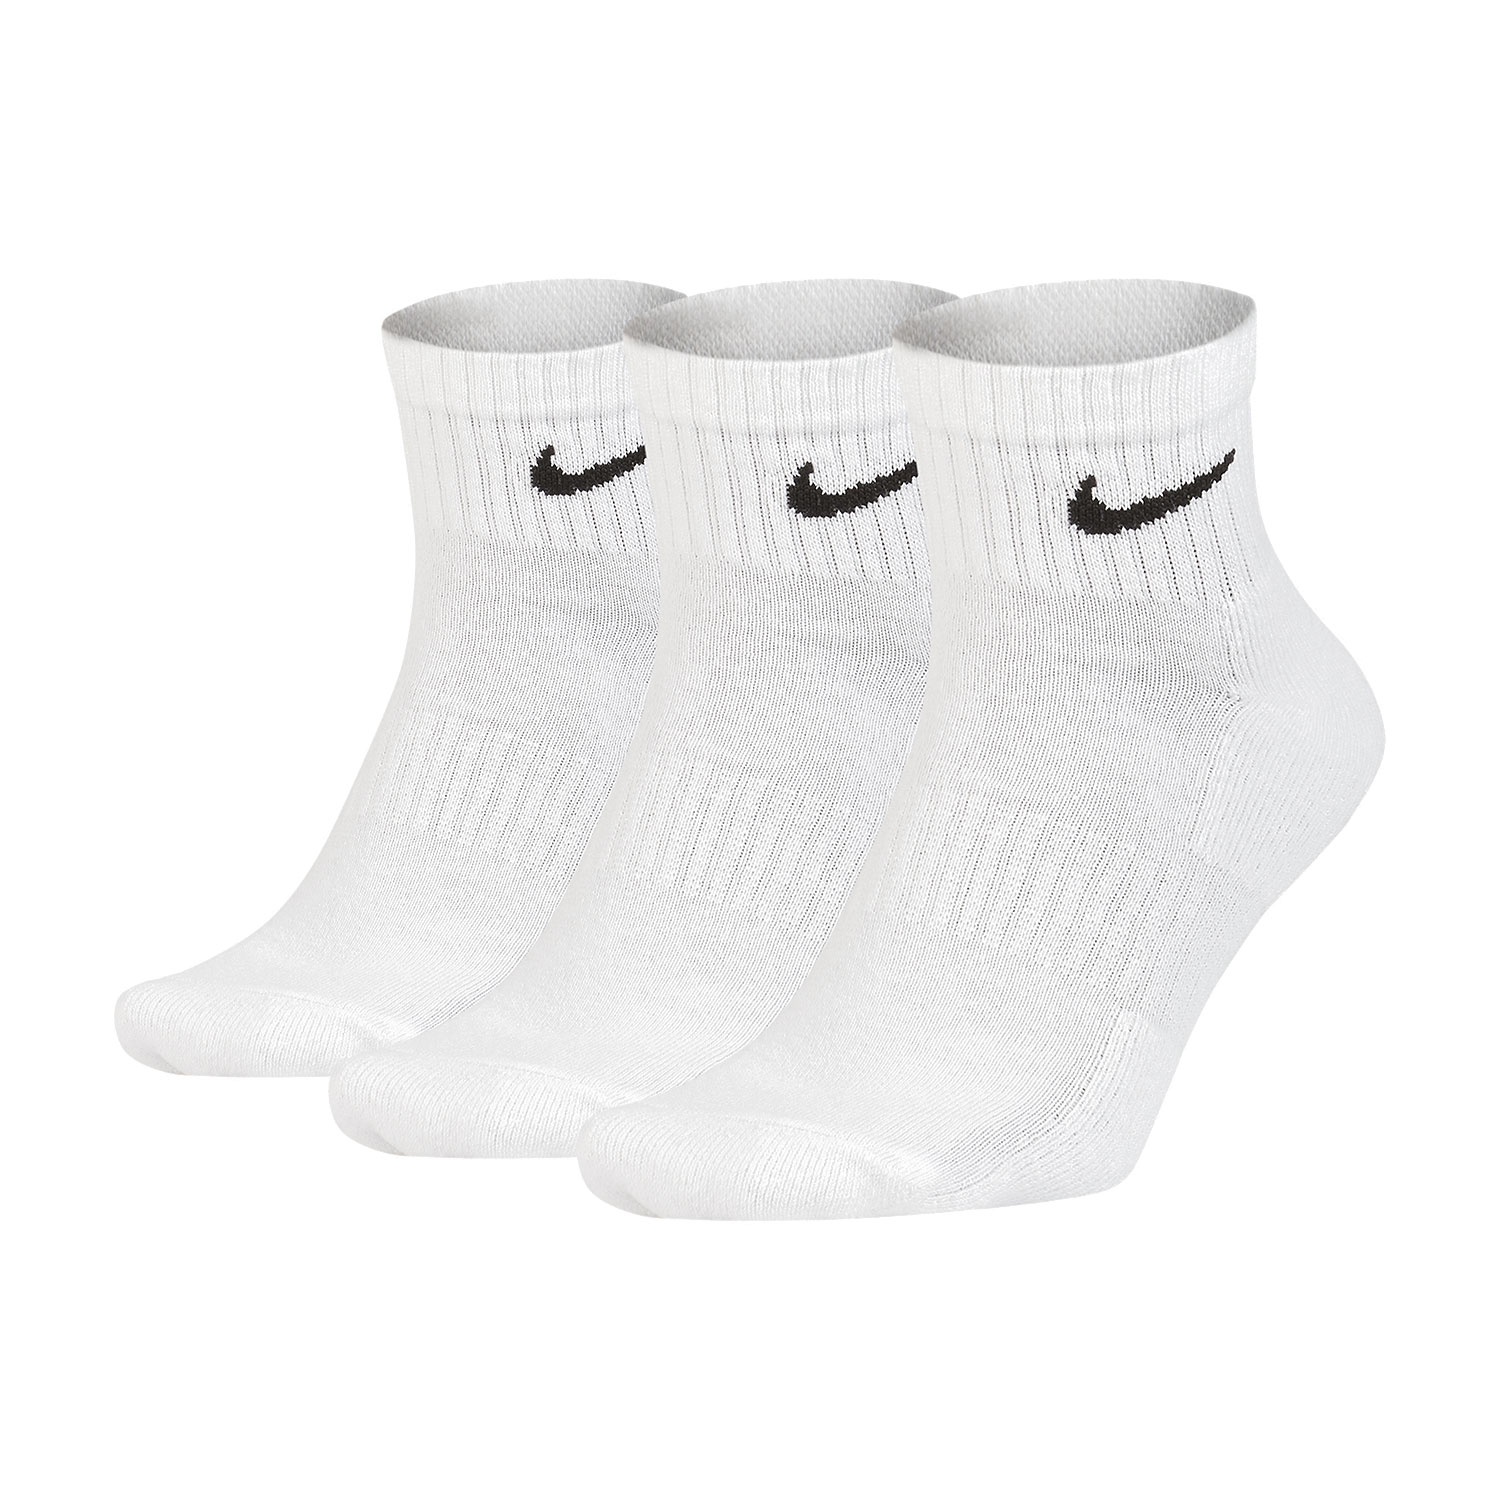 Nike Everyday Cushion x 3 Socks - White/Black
________________________________________
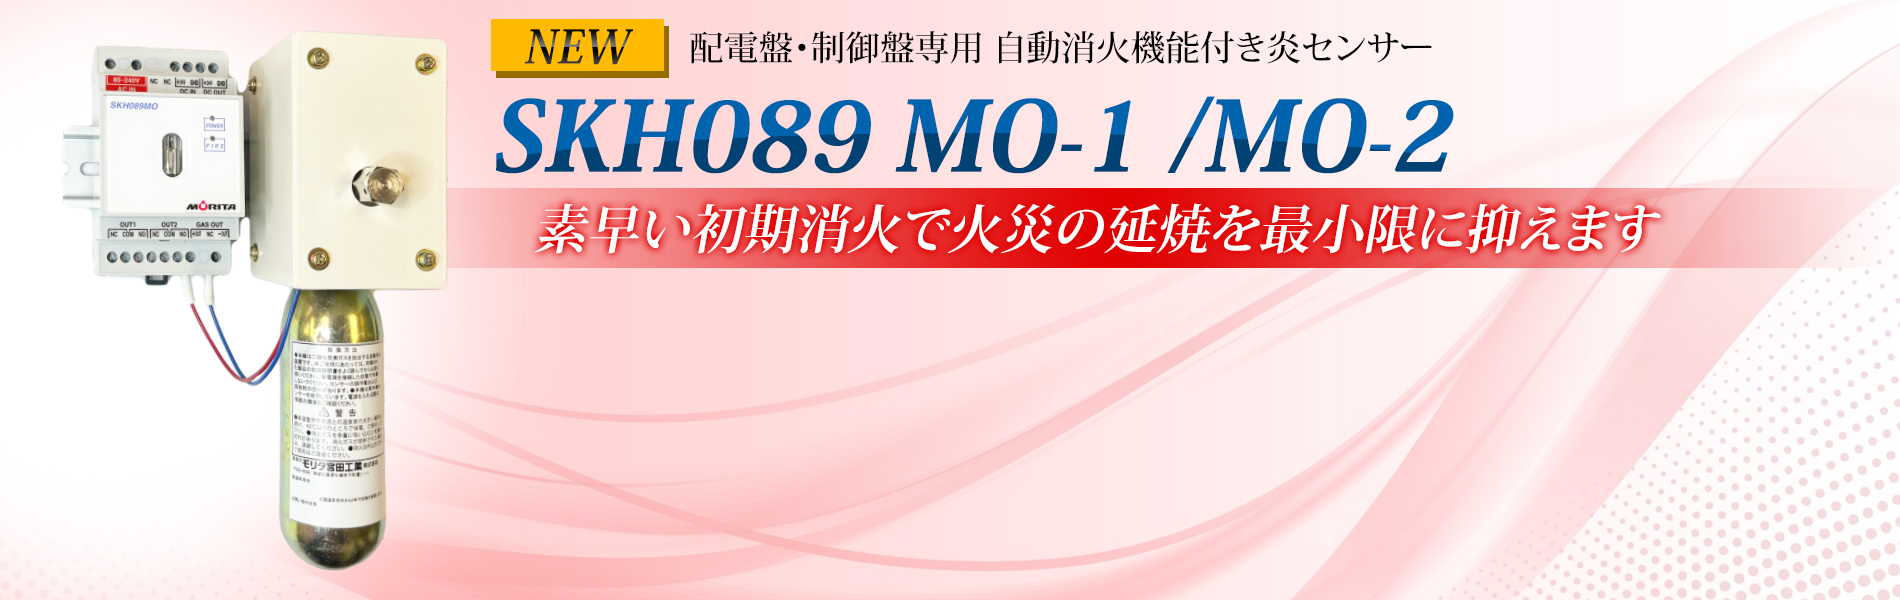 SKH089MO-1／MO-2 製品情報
________________________________________
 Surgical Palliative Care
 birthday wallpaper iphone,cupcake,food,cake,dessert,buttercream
________________________________________
_Your assignment:_ Could you restate, word for word, the lines above from the one with "Surgical Palliative Care" to the one with "birthday wallpaper iphone,cupcake,food,cake,dessert,buttercream", both included?

_Solution to the exercise:_
 Surgical Palliative Care
 birthday wallpaper iphone,cupcake,food,cake,dessert,buttercream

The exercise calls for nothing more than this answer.